Das As, das Klaus Welzer nach der Hinrunde aus dem Ärmel geschüttelt hat, heißt Harry Krause (62), der ehemalige Spieler von Einheit Grevesmühlen hat unter anderem für Hansa Rostock, Warnow-Papendorf und den SV Warnemünde gearbeitet. Unter anderem stand er 1997 als Coach an der Seitenlinie in Warnemünde, als die Mannschaft in der ersten Pokalrunde Borussia Dortmund empfing. „Ich habe viele Jahre Erfahrung im Leistungssport, und Klaus Welzer hatte mich bereits in der letzten Saison angerufen, ob ich helfen könnte.
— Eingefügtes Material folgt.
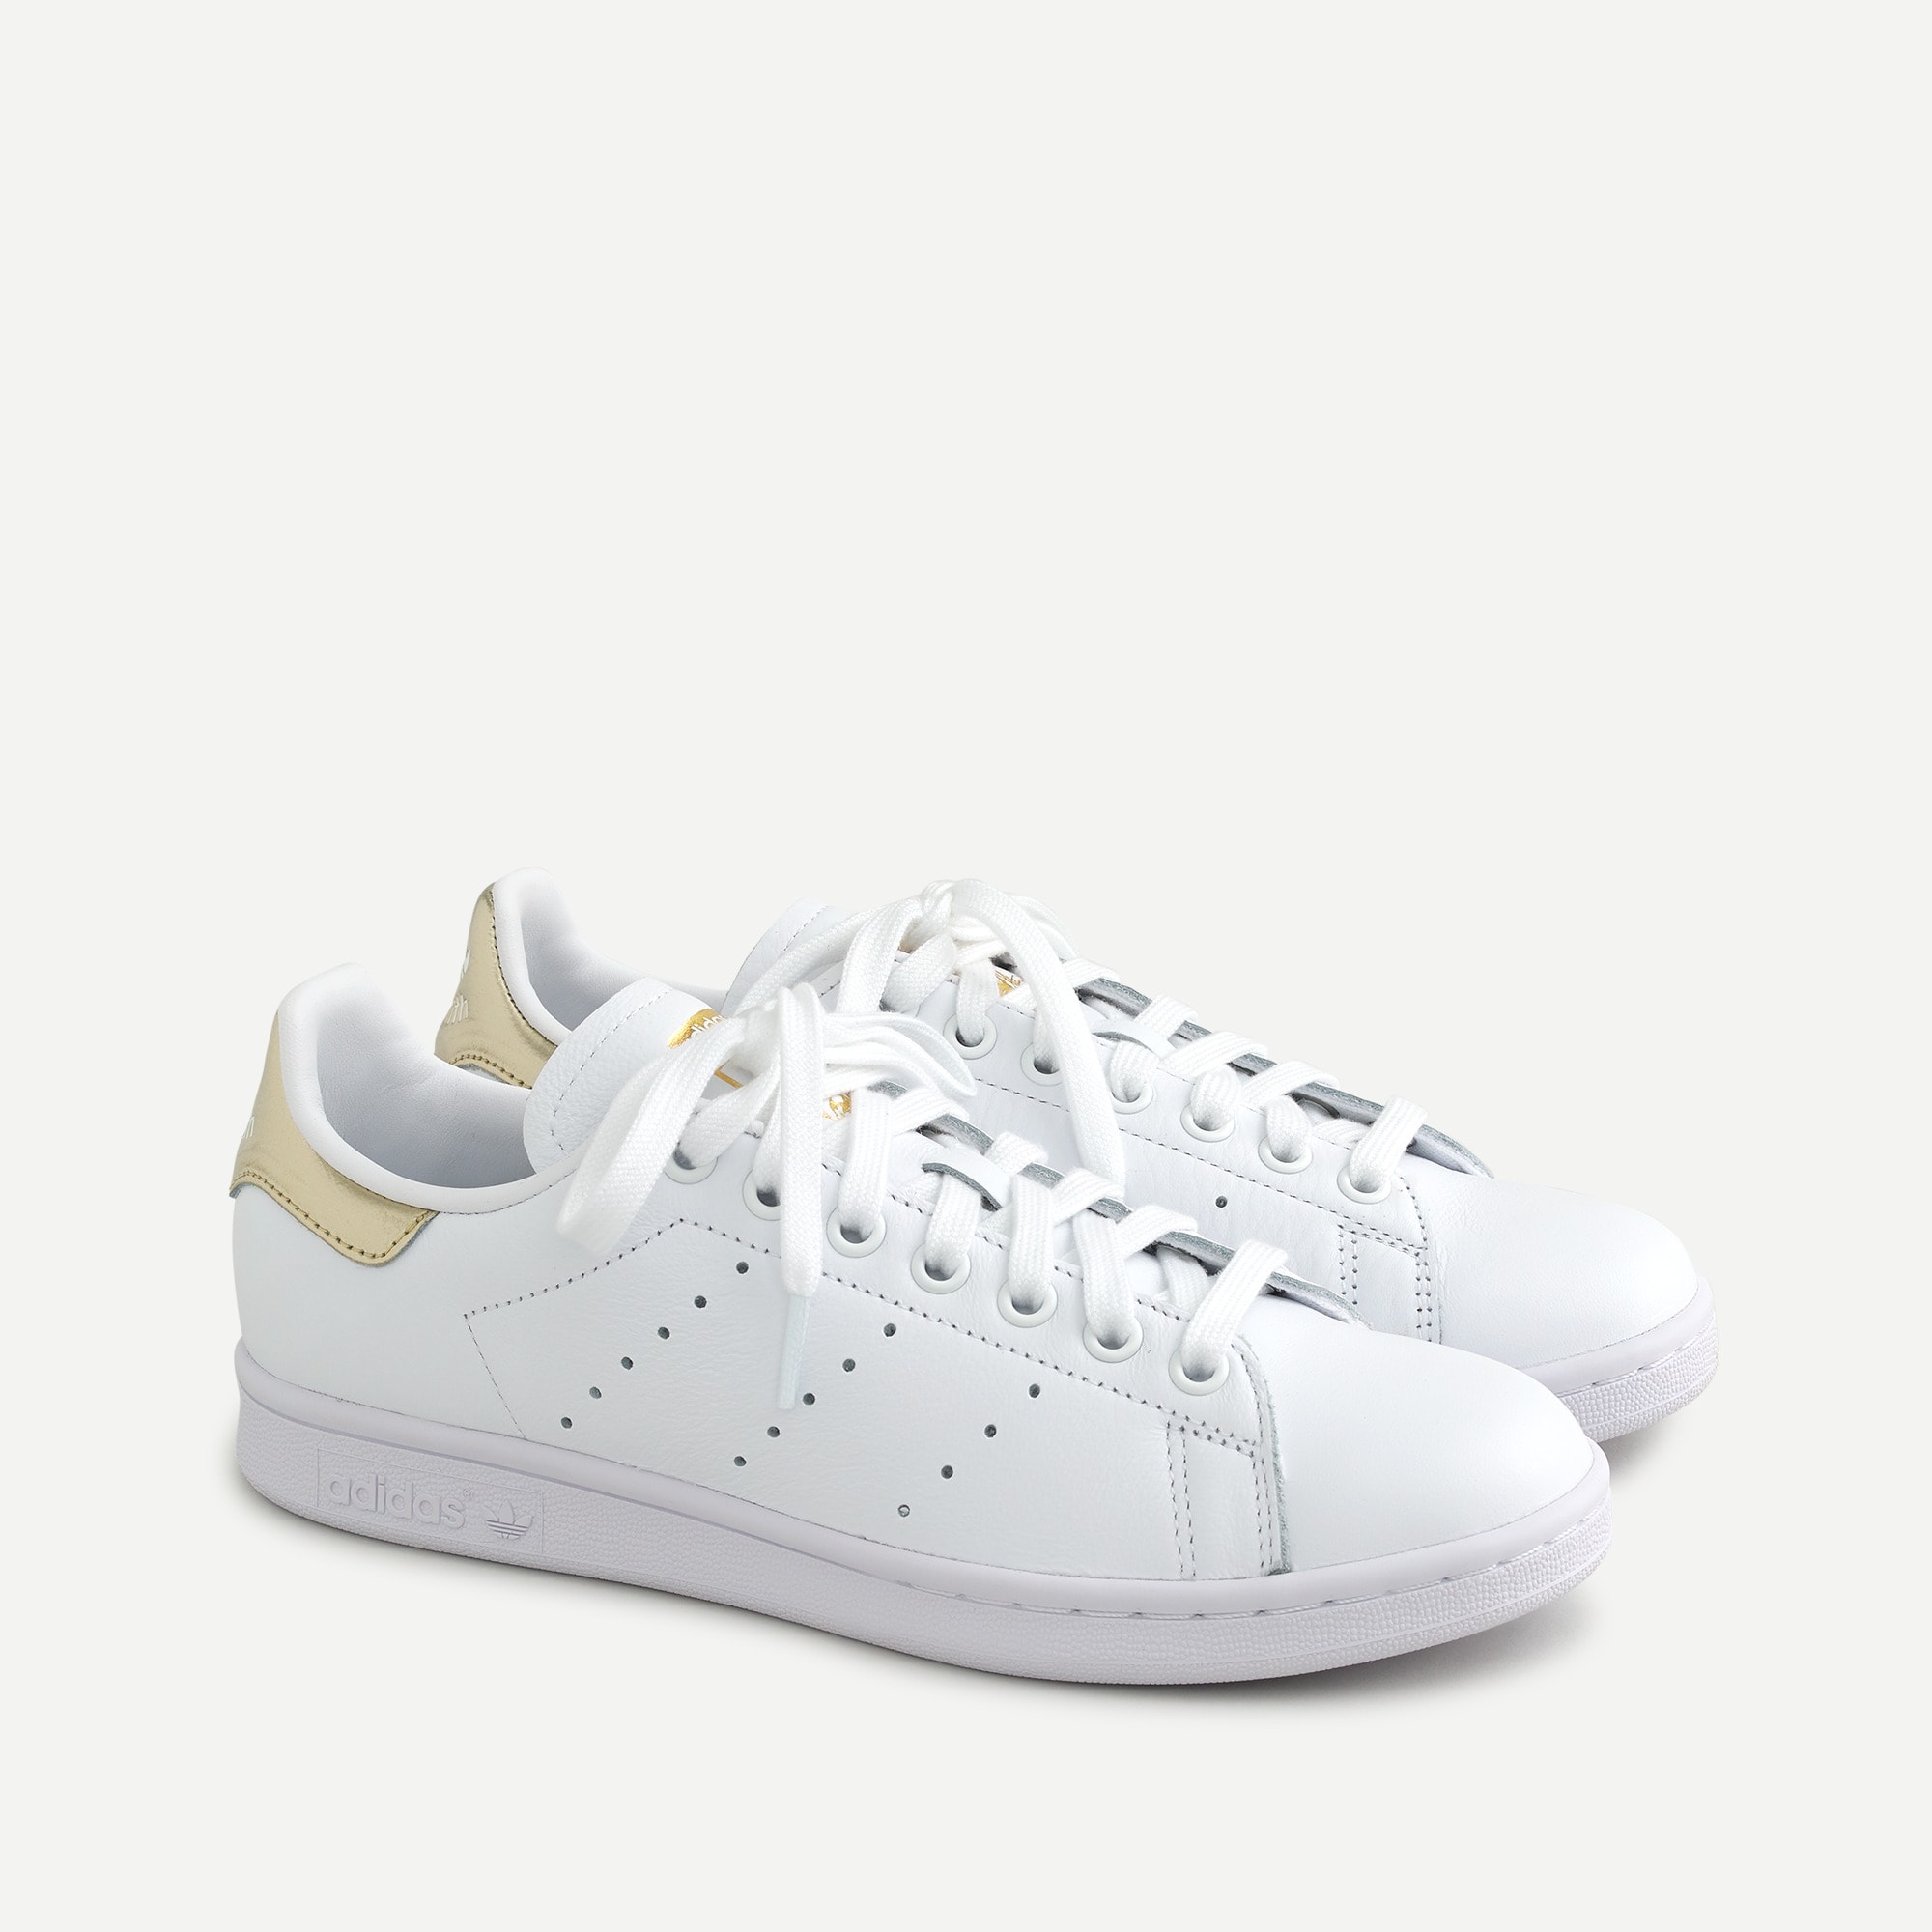 stansmith for women

Als er sich jetzt wieder meldete, musste ich nicht lange überlegen. Denn dieser Verein darf einfach nicht absteigen.“ Und so begleitete er die Mannschaft in den letzten Spielen, holte mehr als zehn Punkte auf, und schaffte am Ende den Klassenerhalt. „Darüber brauchen wir uns keine Illusionen zu machen, der Abstieg wäre eine Katastrophe gewesen. Da kann die A-Jugend zehnmal Meister werden, wenn die erste Männerschaft nicht funktioniert, dann war’s das.“

Potenzial ist in der Mannschaft und im Verein

Der 62-Jährige kennt die Probleme im Verein, seit Jahren läuft es nicht rund. „Doch wenn ich sehe, welche Nachwuchsarbeit hier geleistet wird, dann weiß ich, dass Potenzial vorhanden ist.“ Die erfolgreiche A-Jugend hat er bereits in die Männertruppe integriert, auch wenn das nicht einfach war und ist. „Da gibt es unterschiedliche Auffassungen, aber ich bin der Meinung, dass die Jungs mit den Männern zusammen trainieren müssen. Das es da auch mal zur Sache geht, das gehört im Fußball dazu.“ Aber es gebe etliche Spieler, die das Zeug hätten, den GFC nach oben zu bringen, die erfolgreiche Nachwuchsgruppe von Frank Stolte gehöre dazu, „und erfahrene Spieler wie Marcel Boddin, das ist für mich ein Vorbild, immer da, wenn er gebraucht wird. Solche Leute brauchen wir.“

Fragezeichen hinter der Zukunft des Trainergespanns

Apropos wir: Ob Harry Krause nach der abgelaufenen Saison weitermachen wird am Tannenberg, steht in den Sternen. Frank Stolte, der bislang die A-Jugend trainierte, hatte im OZ-Gespräch erklärt, dass er künftig zusammen mit Krause die Männer übernehmen werde. „Ganz ehrlich, das weiß ich noch nicht. Gesundheitlich bin ich nicht ganz fit, und von mir Zuhause bis zum Tannenberg sind es immer 80 Kilometer. Wie gesagt, da ist noch ein Fragezeichen.“

Kritik in Richtung Einheit Grevesmühlen

Kritisch sieht der 62-Jährige die Vereinsgründung von Einheit Grevesmühlen vor drei Jahren. „Man kann über viele Dinge unterschiedlicher Auffassung sein, aber ob man deshalb gleich einen neuen Verein gründen muss?“ Außerdem sei „Einheit“ der Name des ehemaligen und zudem sehr erfolgreichen Vereins, der in Grevesmühlen bis zur Wende bestand hatte. „Ich finde, und das ist meine Meinung, dass man nicht einfach so diesen Namen nehmen kann.“ Dass mittlerweile Nachwuchsspieler den GFC verlassen und bei Einheit trainieren, betrachtet Harry Krause ebenfalls mit Argwohn. „Hier wird seit vielen Jahren eine gute Nachwuchsarbeit geleistet, jetzt kommt jemand, der Kinder abwirbt, weil er keinen eigenen Nachwuchs hat. Das kann nicht funktionieren.“

Doch vorerst liegt das Augenmerk beim Grevesmühlener FC und den Männern. „Wenn die Mannschaft so zusammen bleibt, und die Mischung aus erfahrenen Spielern und den Jungs aus der A-Jugend sich vernünftig vorbereitet, dann muss diese Truppe höher spielen. Und wenn ich sehe, was an talentierten Spielern in den Nachwuchsgruppen darunter nachzieht, dann muss man sich keine Sorgen machen.“ Wichtig sei, dass der Verein eine klare Linie fahre.